LLM01: Prompt Injection
LLM02: Insecure Output Handling
LLM03: Training Data Poisoning
LLM04: Model Denial of Service
LLM05: Supply Chain Vulnerabilities

New in 2025

Excessive Agency: model takes actions beyond authorised scope
System Prompt Leakage: model reveals confidential instructions
Vector / Embedding Weaknesses: poisoned embeddings in vector stores
Misinformation: confident generation of false information
Unbounded Consumption: runaway token/compute costs

Red Teaming Tools

DeepTeam (Confident AI)

Open-source Python framework with 40+ vulnerability classes and 10+ adversarial attack strategies. Results scored against OWASP LLM Top 10 and NIST AI RMF. Integrates with DeepEval for combined safety + quality testing.

Automated attack generation: roleplay, jailbreaks, encoding attacks, prompt injection
Configurable attack intensity (number of variations per attack type)
Report maps findings to OWASP LLM Top 10 categories

Garak

Adversarial testing toolkit with 100+ attack modules designed for security-first workflows. Automates vulnerability scanning across a wide attack surface. Open-source, command-line driven.

Attack modules: encoding, roleplay, logic, data extraction, many-shot
Produces a structured vulnerability report per module
Supports most LLM providers via API

promptfoo (red team mode)

promptfoo's built-in --red-team flag runs a standard adversarial test set alongside regular evaluation, producing a combined safety + quality report in one CI run.

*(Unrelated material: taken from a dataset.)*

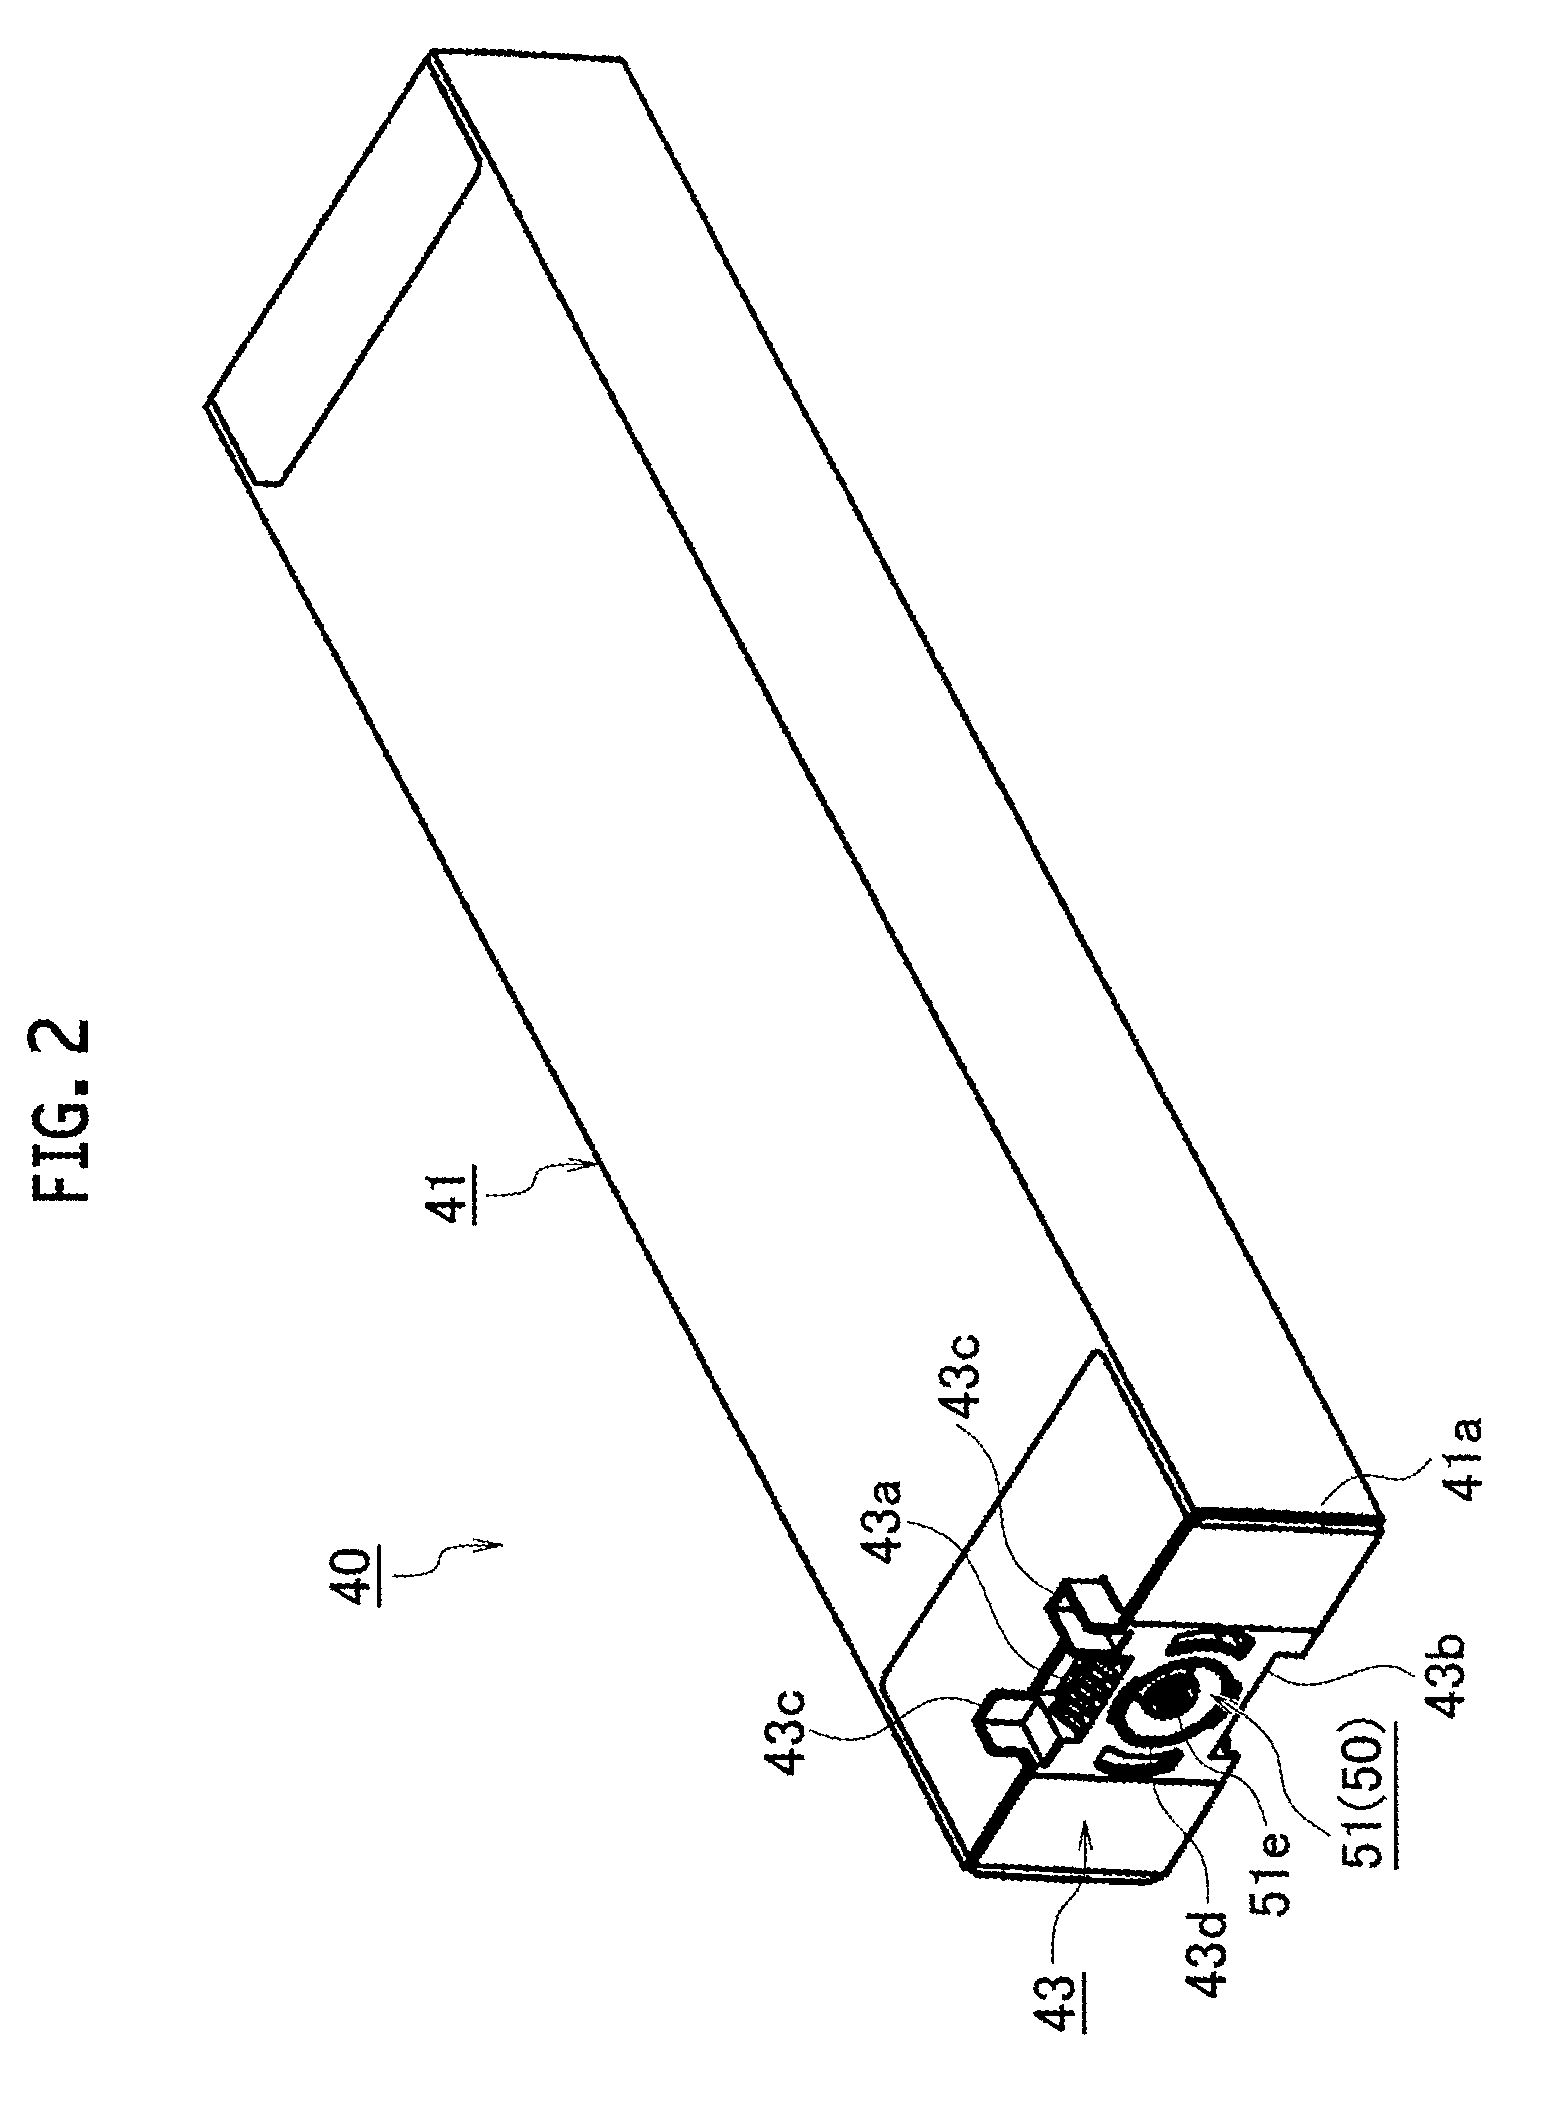 Ink cartridge and mount/demount mechanism for the same

Manual vs Automated Red Teaming

Automated (always)

Broad coverage — runs 100s of attack variants systematically
Repeatable — same attacks on every PR and deployment
Fast — complete in minutes as part of CI pipeline
Catches regressions — alerts when a previously-safe behaviour breaks

Manual (before major releases)

Nuanced — human testers find subtle failures automated tools miss
Creative — explores novel attack vectors specific to your domain
Business context — testers understand what is actually harmful for your use case
Required for EU AI Act high-risk systems before deployment

Building a Safety Testing Programme

Minimum viable red team programme:

Define your threat model: what harms are possible from your specific system? (a coding assistant has different risks than a medical chatbot)
Map to OWASP LLM Top 10: identify which categories apply to your system
Run automated attacks in CI: DeepTeam or Garak on every deployment
Set safety gates: block deployment if any critical vulnerability category fails
Manual red team before launch: domain experts test novel attacks your tools cannot generate
Document findings: maintain a vulnerability log with status (found, mitigated, accepted risk)
Re-test on model updates: provider model changes reset safety guarantees — re-run full programme

Regulatory Context

EU AI Act requirements (2025):

Mandatory adversarial testing for high-risk AI systems: critical infrastructure, education, employment, law enforcement, border control
Red team results must be documented and available for regulatory audit
Safety testing must cover the OWASP LLM Top 10 at minimum
Re-testing required when the model or system undergoes significant change

Checklist: Do You Understand This?

What percentage of 2025 AI security incidents resulted from simple prompt attacks, and what does this imply about red teaming priority?
What are the five new OWASP LLM Top 10 categories added in 2025?
Why did roleplay injection achieve the highest attack success rate (89.6%) in 2025 research?
What is the difference between automated and manual red teaming, and when is each appropriate?
What seven steps constitute a minimum viable red team programme?
Under the EU AI Act, which types of systems require mandatory adversarial testing?